Мысль, что Дэниэл мог быть именно таким…была дикой и пугающей. С другой стороны я ощущал себя эгоистом. Метание между двумя сторонами еще больше отягощало мою судьбу.
***
Наипротивнейший звук будильника в семь утра, напрочь разрезал мой сон. Голова гудела, душа наполнялась «происшествием», получившим свое разъяснение, но от этого, ясное дело, легче не становилось. Также для меня тогда не существовало никаких вариантов по поводу того, как возможно было его облегчить. Все прокрадывалось в подсознание и дергало там невидимые ниточки, уже парализовавшие мозг, действующие, как обезболивающее… По-прежнему хотелось зажмурить глаза на пару секунд, сделать глубокий выдох и открыть их, предстать вновь перед реальностью, осознав, что «происшествие» было сном. Но даже, если бы я попытался это сделать, то магия бы не подействовала. Самый максимум, который мог бы произойти, это – обозрение бабушкой Луизой всей ситуации, а далее – незаменимое ее же заявление о «самом большом бездельнике всех времен и народов». Бессмысленность. Безысходность. Это самые главные составляющие, периодически дающие о себе знать на протяжении всей истории. Не заметить их мог бы только человек под сильным обезболивающим от душевных ран, да…а что по-вашему вызывает боль? Падение с велосипеда? Долгое сидение за компьютером? Не то. В таких случаях можно помазать коленку йодом, выпить таблетку от головы. А обезболивающего от душевных ран не существует, и мне было грустно это осознавать.

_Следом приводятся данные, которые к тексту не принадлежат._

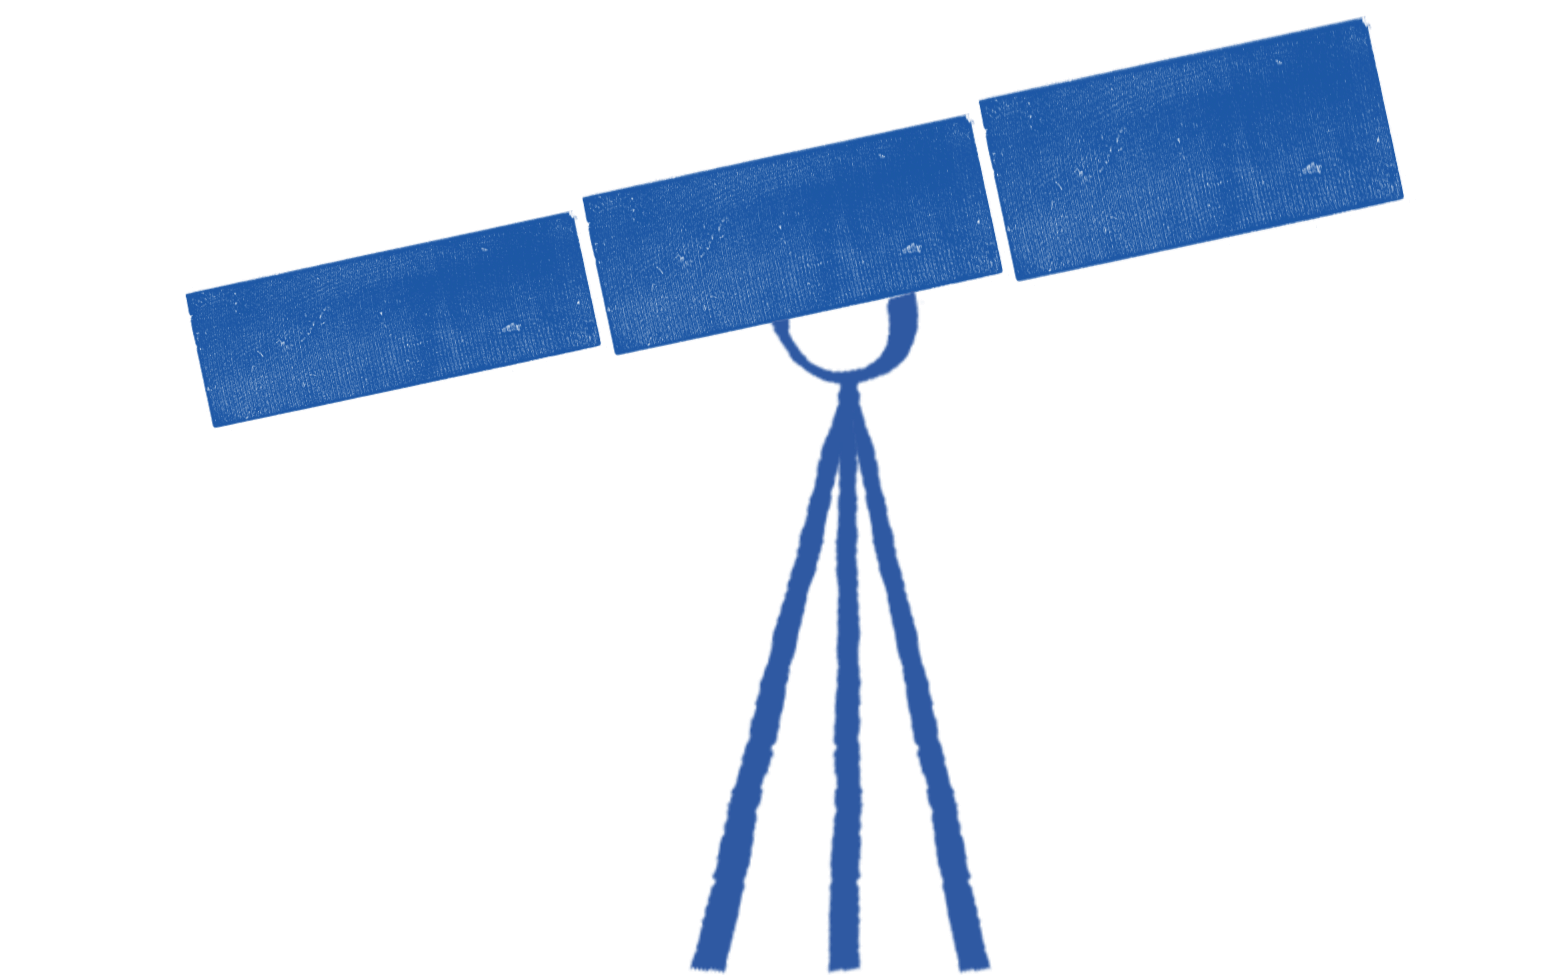 Illustration of a telescope

Хмурый день зашел в мою комнату. Казалось, что все находятся в печали вместе со мной: обои, пол и серый свет, просочившийся на одеяло. Часы лениво тикали где-то там за дверью. А я понимал, что остается только жить, уверяя себя, что все было лишь ярким сном. Но все вокруг говорило об обратном. Хотя бы серебряное кольцо, блестевшее на моем пальце. А после ярких снов, кстати, тоже случаются страдания.
- Колин!
Я обернулся. Мама стояла в дверном проеме и смотрела на меня очень взволнованно.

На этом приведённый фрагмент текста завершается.